**Requirement**. Go through the entries below and return every line that contains "Photo".
+++++
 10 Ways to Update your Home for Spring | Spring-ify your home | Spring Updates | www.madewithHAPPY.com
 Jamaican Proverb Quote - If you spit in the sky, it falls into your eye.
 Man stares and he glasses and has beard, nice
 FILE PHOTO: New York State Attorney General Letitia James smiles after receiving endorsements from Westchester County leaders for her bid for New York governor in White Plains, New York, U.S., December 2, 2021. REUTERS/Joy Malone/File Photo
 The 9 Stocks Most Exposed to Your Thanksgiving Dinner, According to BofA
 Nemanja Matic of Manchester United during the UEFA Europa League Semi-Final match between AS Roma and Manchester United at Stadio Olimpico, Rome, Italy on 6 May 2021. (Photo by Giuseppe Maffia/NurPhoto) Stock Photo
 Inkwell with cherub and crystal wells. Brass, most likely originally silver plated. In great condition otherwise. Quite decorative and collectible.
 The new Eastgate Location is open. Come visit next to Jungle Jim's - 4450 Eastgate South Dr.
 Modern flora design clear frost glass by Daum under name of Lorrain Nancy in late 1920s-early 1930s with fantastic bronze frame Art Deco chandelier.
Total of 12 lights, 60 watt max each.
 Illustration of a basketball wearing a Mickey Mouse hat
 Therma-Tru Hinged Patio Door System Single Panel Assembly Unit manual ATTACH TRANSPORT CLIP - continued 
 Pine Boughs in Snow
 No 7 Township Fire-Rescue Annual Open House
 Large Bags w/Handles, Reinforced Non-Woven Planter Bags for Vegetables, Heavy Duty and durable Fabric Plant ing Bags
+++++
**Your response**.
 FILE PHOTO: New York State Attorney General Letitia James smiles after receiving endorsements from Westchester County leaders for her bid for New York governor in White Plains, New York, U.S., December 2, 2021. REUTERS/Joy Malone/File Photo
 Nemanja Matic of Manchester United during the UEFA Europa League Semi-Final match between AS Roma and Manchester United at Stadio Olimpico, Rome, Italy on 6 May 2021. (Photo by Giuseppe Maffia/NurPhoto) Stock Photo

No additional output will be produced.